Outpatient Anterior Cervical Discectomy and Fusion
In times past, people were admitted to the hospital for the simplest of surgical procedures. In the 1970’s, a two week admission to the hospital for a simple carpal tunnel surgery was routine. People would be admitted a day or two before surgery to get testing. Surgery was then performed. Then, the patient was discharged when the wound was almost healed. Fast forward to today, the patient arrives at the surgery center, 90 minutes before the operation. the carpal tunnel operation is performed with a form of local anesthesia, with mild sedation. The patient is discharged from the surgery center within two hours of the operation. Imaging the cost differences, the convenience factors, and the worker productivity issues.
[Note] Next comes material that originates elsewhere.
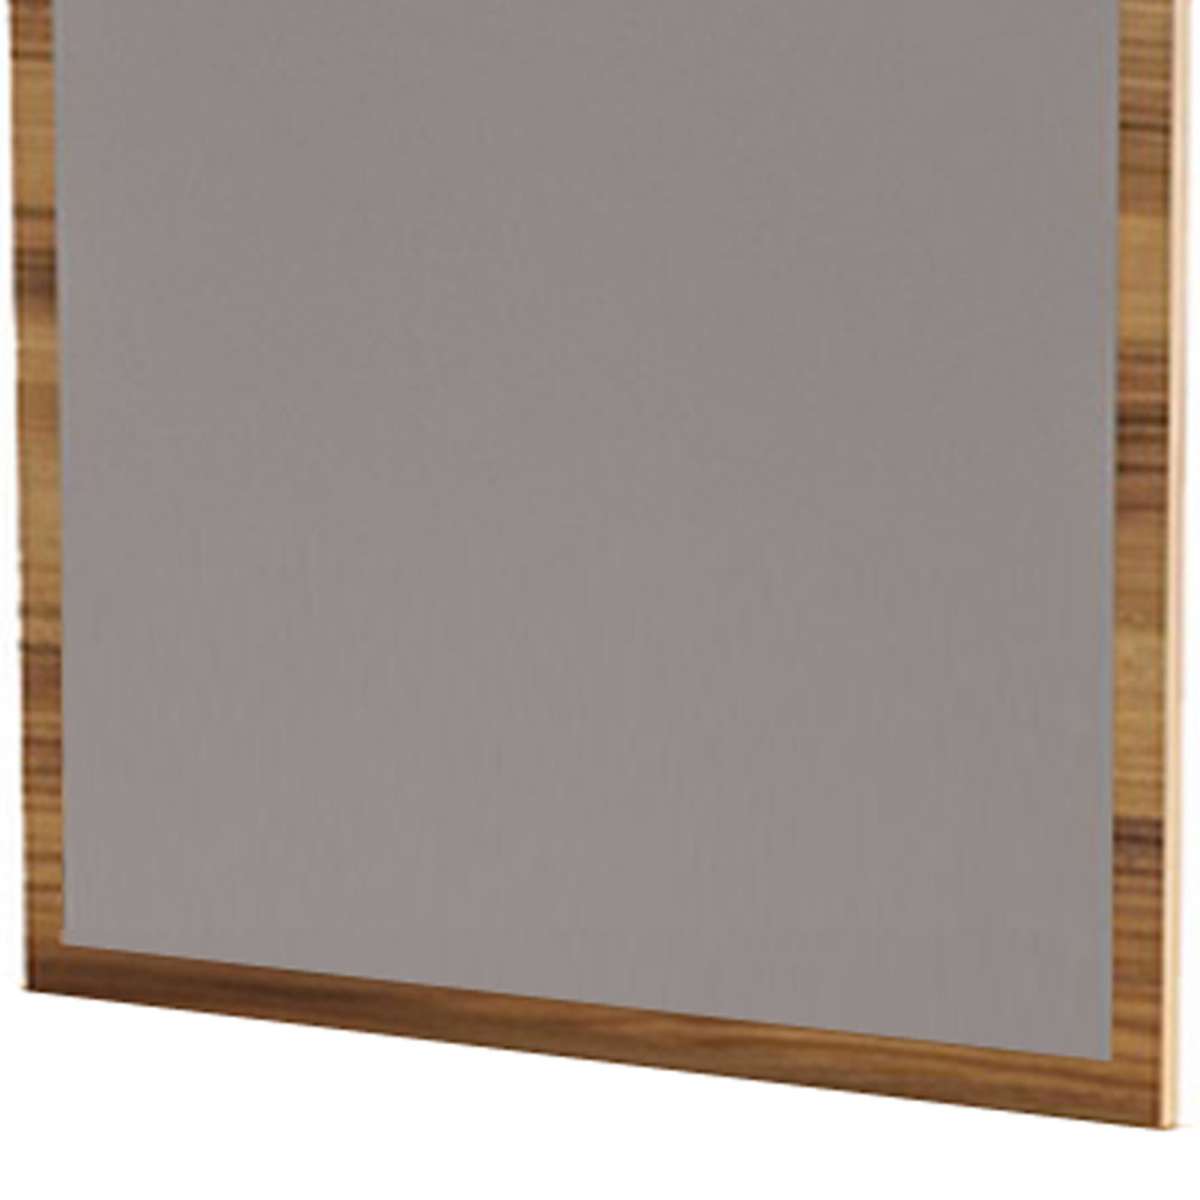 Rectangular Wooden Frame Mirror With Grain Details, Oak Brown By Benzara | Mirrors |  Modishstore  - 3

Spine surgery is also becoming more and more of an outpatient surgical procedure. While simple back discectomy routinely go home on the day of the operation, there has still been some hesitancy about doing Anterior Cervical Discectomy and Fusion surgery on an outpatient basis.
I will confess that two years ago, I still admitted patients to the hospital, and closely monitored them before discharging the patients the next day. The concern was about potential breathing problems after the surgery. There is reports that a small percentage of patients who have this surgery may develop some difficulty breathing. Usually it is secondary to development of a blood clot, or hematoma. The other factor is patients with prior respiratory problems. Other studies indicate it may also be related to the length of time for the surgery as well as the number of levels being fused.
For the past two years, I have discharged most of my Anterior Cervical Discectomy and Fusion patients on the Day of surgery with much greater patient satisfaction, and reduced costs.
A recent study by McGirt et al demonstated the efficacy of one and two level Anterior Cervical Discectomy and Fusion Surgery performed on an outpatient basis. There were no additional complications, and the cost savings average $7k.
In my practice, I now assume healthy patients, without prior breathing difficulties, and no history of developing hematoma blood clots are scheduled to leave the surgery facility that day. For others with risk factors, I will continue to admit overnight. In my opinion, this is the right balance between sending everyone home as an outpatient, versus keeping everyone admitted overnight in the hospital. I find most patients would rather sleep in their own bed, and eat their own food. Only those who have potential risks such as more than two level surgery, prior neck surgery, asthma, use of blood thinners, or poor medical conditions need to stay as an inpatient.